*Task requirements:* Search the listing below for the word "Hand" and return each line that contains it.

*Materials provided:*
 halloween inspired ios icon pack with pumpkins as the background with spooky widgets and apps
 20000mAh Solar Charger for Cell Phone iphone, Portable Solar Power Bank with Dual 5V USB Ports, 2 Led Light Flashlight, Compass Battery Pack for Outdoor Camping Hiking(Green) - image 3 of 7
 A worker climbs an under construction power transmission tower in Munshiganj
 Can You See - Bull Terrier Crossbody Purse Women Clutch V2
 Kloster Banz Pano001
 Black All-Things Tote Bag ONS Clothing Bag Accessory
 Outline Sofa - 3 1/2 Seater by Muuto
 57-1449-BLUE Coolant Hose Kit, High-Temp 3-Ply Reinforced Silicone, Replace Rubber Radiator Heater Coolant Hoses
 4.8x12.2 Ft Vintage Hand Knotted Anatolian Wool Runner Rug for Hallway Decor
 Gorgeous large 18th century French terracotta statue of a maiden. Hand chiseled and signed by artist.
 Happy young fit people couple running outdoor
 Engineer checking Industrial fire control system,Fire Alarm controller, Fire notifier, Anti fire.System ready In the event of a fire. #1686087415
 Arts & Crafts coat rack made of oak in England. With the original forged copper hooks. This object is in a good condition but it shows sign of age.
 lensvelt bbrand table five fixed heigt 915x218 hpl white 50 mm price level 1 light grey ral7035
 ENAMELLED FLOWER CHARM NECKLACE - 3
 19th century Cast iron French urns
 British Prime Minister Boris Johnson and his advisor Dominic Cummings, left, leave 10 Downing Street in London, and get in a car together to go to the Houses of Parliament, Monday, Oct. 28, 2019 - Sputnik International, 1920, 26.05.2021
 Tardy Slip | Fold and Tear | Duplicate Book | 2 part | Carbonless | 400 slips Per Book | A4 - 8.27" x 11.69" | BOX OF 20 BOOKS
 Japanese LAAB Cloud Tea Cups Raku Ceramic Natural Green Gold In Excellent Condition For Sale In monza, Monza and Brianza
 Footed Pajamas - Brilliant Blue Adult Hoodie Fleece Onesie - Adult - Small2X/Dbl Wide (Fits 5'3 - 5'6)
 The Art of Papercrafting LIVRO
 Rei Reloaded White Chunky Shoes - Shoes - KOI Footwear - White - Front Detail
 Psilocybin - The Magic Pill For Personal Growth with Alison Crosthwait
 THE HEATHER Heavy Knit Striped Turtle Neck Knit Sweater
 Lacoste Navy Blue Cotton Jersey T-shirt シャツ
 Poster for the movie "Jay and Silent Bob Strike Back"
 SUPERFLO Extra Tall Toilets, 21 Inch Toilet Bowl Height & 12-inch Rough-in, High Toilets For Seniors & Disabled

*Answer:*
 4.8x12.2 Ft Vintage Hand Knotted Anatolian Wool Runner Rug for Hallway Decor
 Gorgeous large 18th century French terracotta statue of a maiden. Hand chiseled and signed by artist.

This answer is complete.